Application to the facts
In relation to the breach of contract and negligent misstatement claims brought against Santander, the court held that Mr Dixon had the facts that were essential for the claims to be brought more than six years before the claims were in fact brought, even if he lacked the evidence itself:
- Even though Mr Dixon did not have the moratorium letter, the moratorium had been referred to by Mr Dixon in a witness statement in earlier proceedings and the fact of it was something he had always “asserted vigorously”.
- Mr Dixon’s own evidence established that he was aware of the Spreadsheet since 2009, and both (a) the existence of the Spreadsheet; and (b) the effect the Spreadsheet had on the thinking of Handelsbanken, have been consistently asserted by Mr Dixon. It was immaterial therefore that Mr Dixon received the evidence in support of the allegation (i.e. the Spreadsheet itself) subsequently.
In relation to the claim against Handelsbanken, the court found that Mr Dixon’s claim for breach of contract was pleadable absent knowledge of the allegedly concealed fact.

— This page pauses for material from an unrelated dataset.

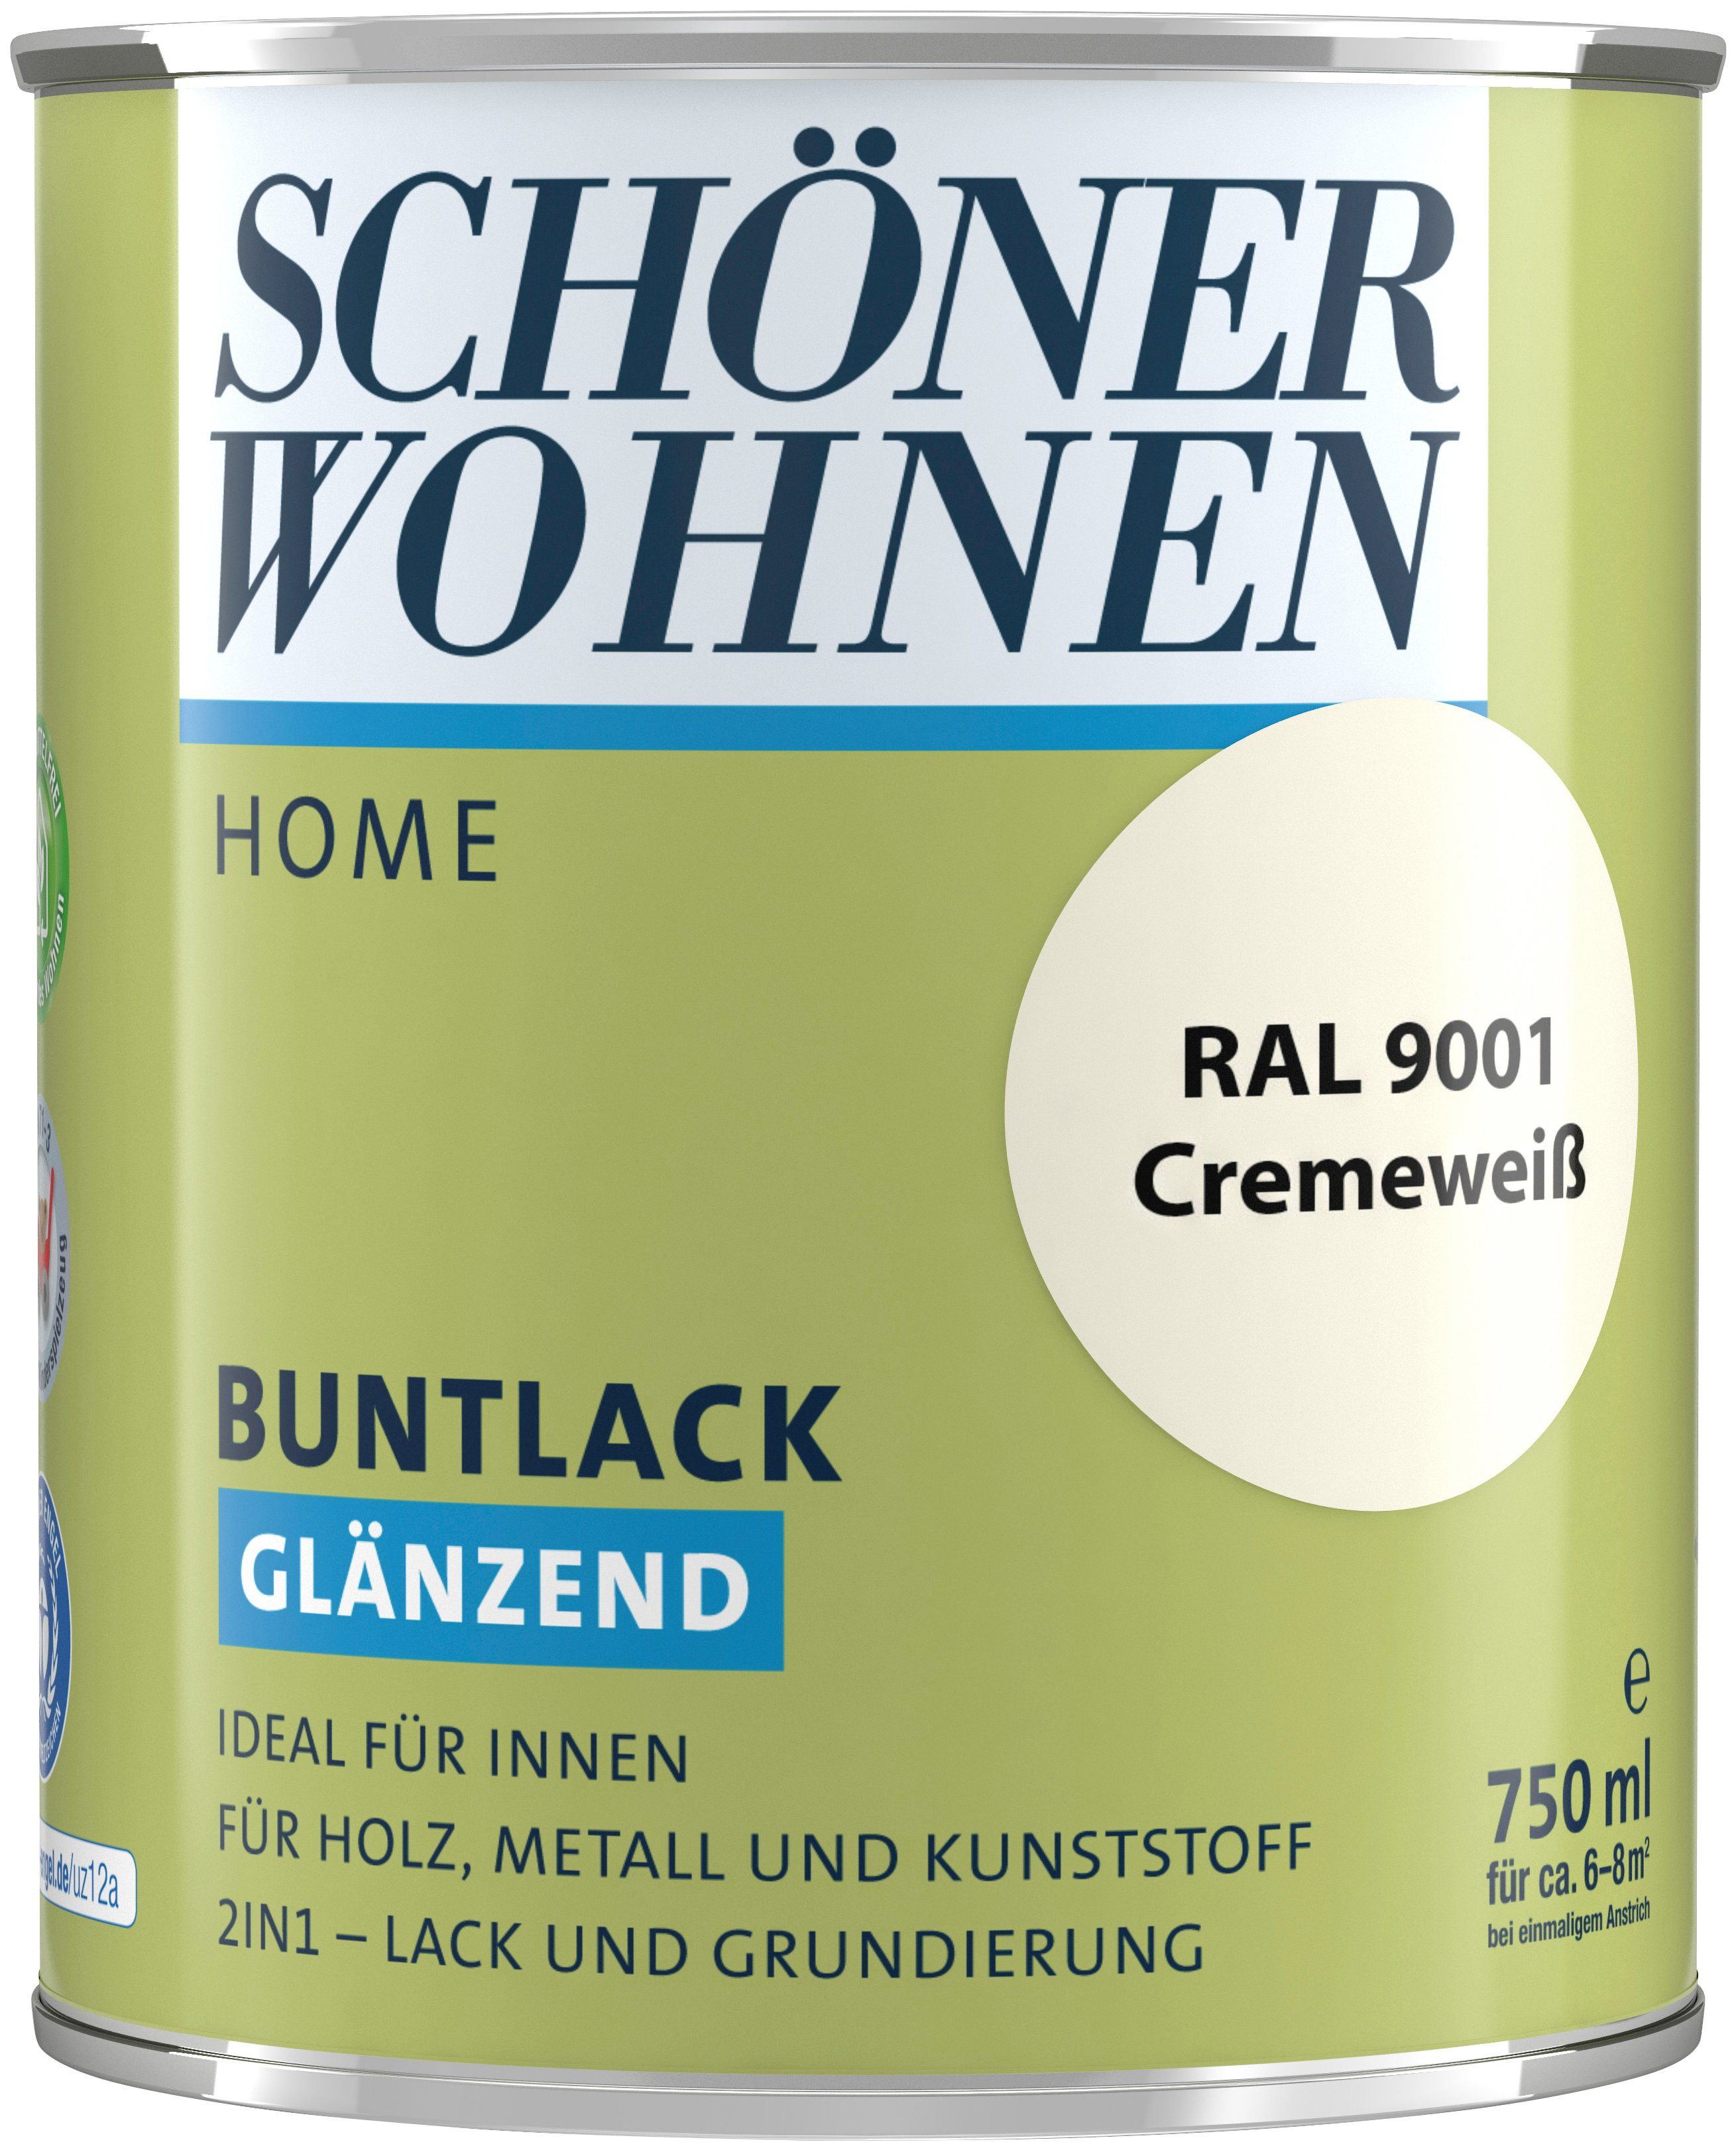 Home RAL glänzend, innen, cremeweiß ml, WOHNEN FARBE SCHÖNER ideal 9001, für Buntlack, 2in1-Lack Lack 750

Indeed, Mr Dixon had in fact pleaded his claim against Handelsbanken in these proceedings without reference to that fact.
Ultimately, the court therefore held that there was no real prospect that Mr Dixon could establish that the allegedly concealed facts were essential to his claim (and therefore “relevant” for the purposes of section 32(1)(b) LA 1980). Accordingly, the claims were time-barred.